24Volts, you need to sum the currents, so its i1 + i2 + i3 = 0

It's equal to zero because KCL says that if you look at any node, the sum of the currents flowing into that node equal the sum of currents flowing out of that node. If you sum all of those currents you get zero.

Now to do this, you MUST decide that if currents flowing into the node are positive, then currents flowing out are negative.

In Harald's diagram, you will note that he has drawn all the currents as flowing toward the node. This means they MUST sum to zero. So you simply add them up.

That's pure KCL and it doesn't get you all the way to a solution, in fact it leaves you with an equation that has several unknowns.

What Laplace does (in a transformative manner ) is to use the node method, which in this case describes the currents in terns of a single unknown. That unknown is the voltage at the node. These can be summed, and you have an equation with a single unknown that can be immediately solved.

The only caveat (and this applies to many of these calculations) is that you need to ensure that you get your signs right. In this case, it is fairly clear by inspection that the actual current flow for i2 is going to be in the direction opposite from the arrow.
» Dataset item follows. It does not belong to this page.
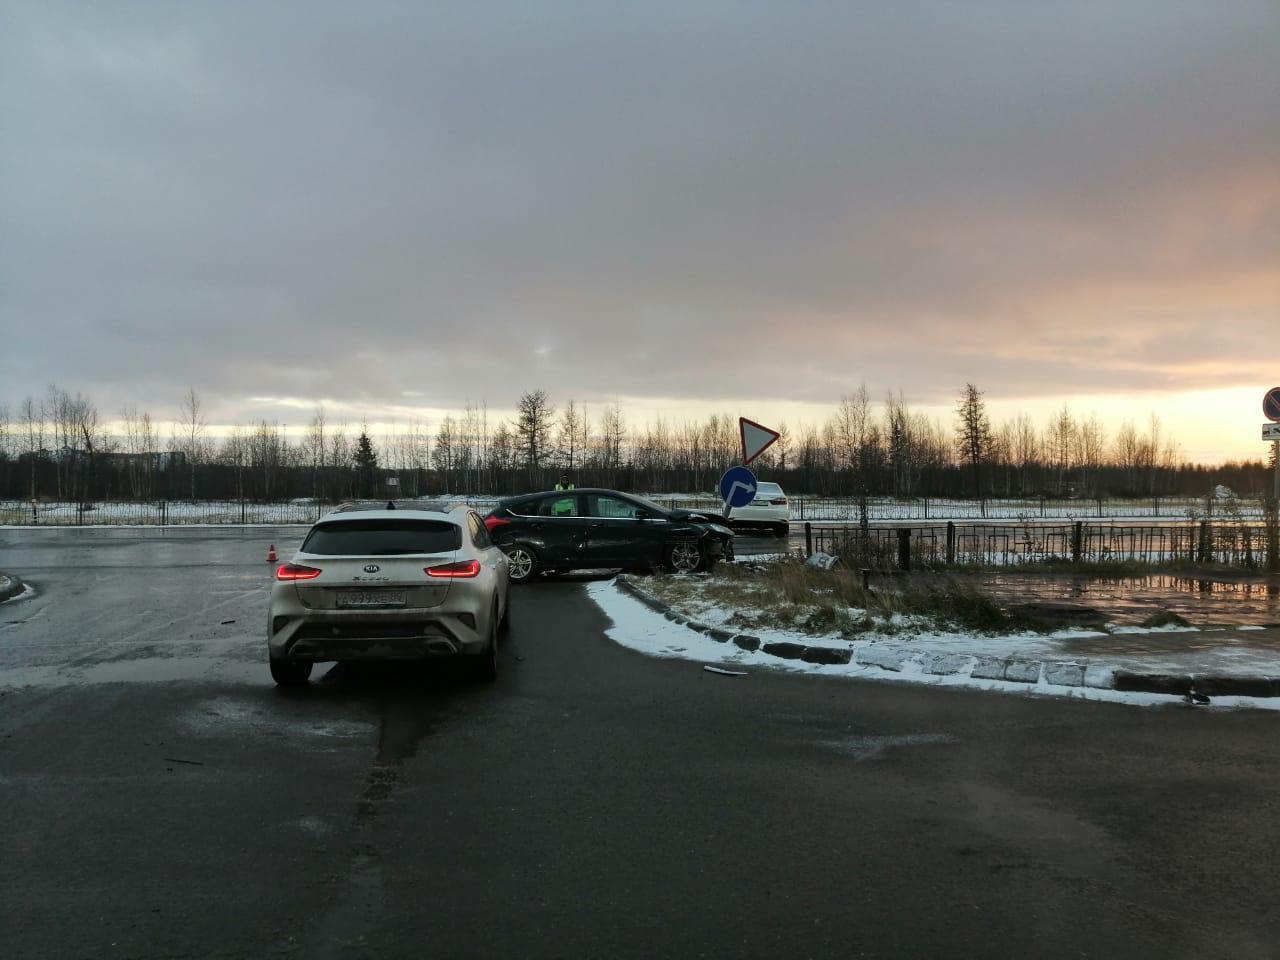 Пять человек пострадали в ДТП на Ямале

This has no effect on the validity of the process (in fact we expect it) but is a trap for young players in getting the math right.

The node method does require more discipline in getting your signs right because an error can be harder to spot.

 

[Laplace]

The node method does require more discipline in getting your signs right because an error can be harder to spot.

Actually, I use the node method because I'm no good at discipline. Node equations do not deal with currents, only node voltage. So with no current there is no concern with the direction of current flow (unless the circuit includes current sources which then does require some discipline).

Without current sources every term in the node equation that sums to zero is of the form:

(Vnode - Vothernode)/Zbetweennodes + (Vnode......

What makes it simple is that, in the equation for each node, every term begins with (Vnode - ........
That makes it simple enough for my undisciplined mind to get it right most of the time.

 

[24Volts]

Steve,

I don't get it, you say:

24Volts, you need to sum the currents, so its i1 + i2 + i3 = 0

and KrisBlueNZ says:

So the total current is:
59.1 - 45.5 - 13.6 = 0 mA as a final check.

So, steve you must mean that the current coming into a node must equal 0 by taking the highest current coming in the node and subtracting all other currents... no? KrisBlueNZ's way surely affirms the result being correct!!

Anyways I sort get both ways (KrisBlueNZ and Laplace) ways!

Pyrohas, sorry for messing up your post, it's just that I found your question interesting and really wanted to learn this. So thanks again!

24v

 

[KrisBlueNZ]

24Volts, it's a matter of the polarities of the currents. Currents that feed INTO the node are positive; currents that feed OUT of the node are negative. In this case, i2 (45.5 mA) and i3 (13.6 mA) both feed OUT of the node. So my formula could be rewritten as:
59.1 + (-45.5) + (-13.6) = 0 mA as a final check.
I considered writing it like that at the time. I guess I should have!

 

[24Volts]

24Volts, it's a matter of the polarities of the currents. Currents that feed INTO the node are positive; currents that feed OUT of the node are negative. In this case, i2 (45.5 mA) and i3 (13.6 mA) both feed OUT of the node. So my formula could be rewritten as:
59.1 + (-45.5) + (-13.6) = 0 mA as a final check.
I considered writing it like that at the time. I guess I should have!

ah! okay, wow, there's a lot of detail in a circuit like this!

I get it now. Thanks KrisBlueNZ.

24v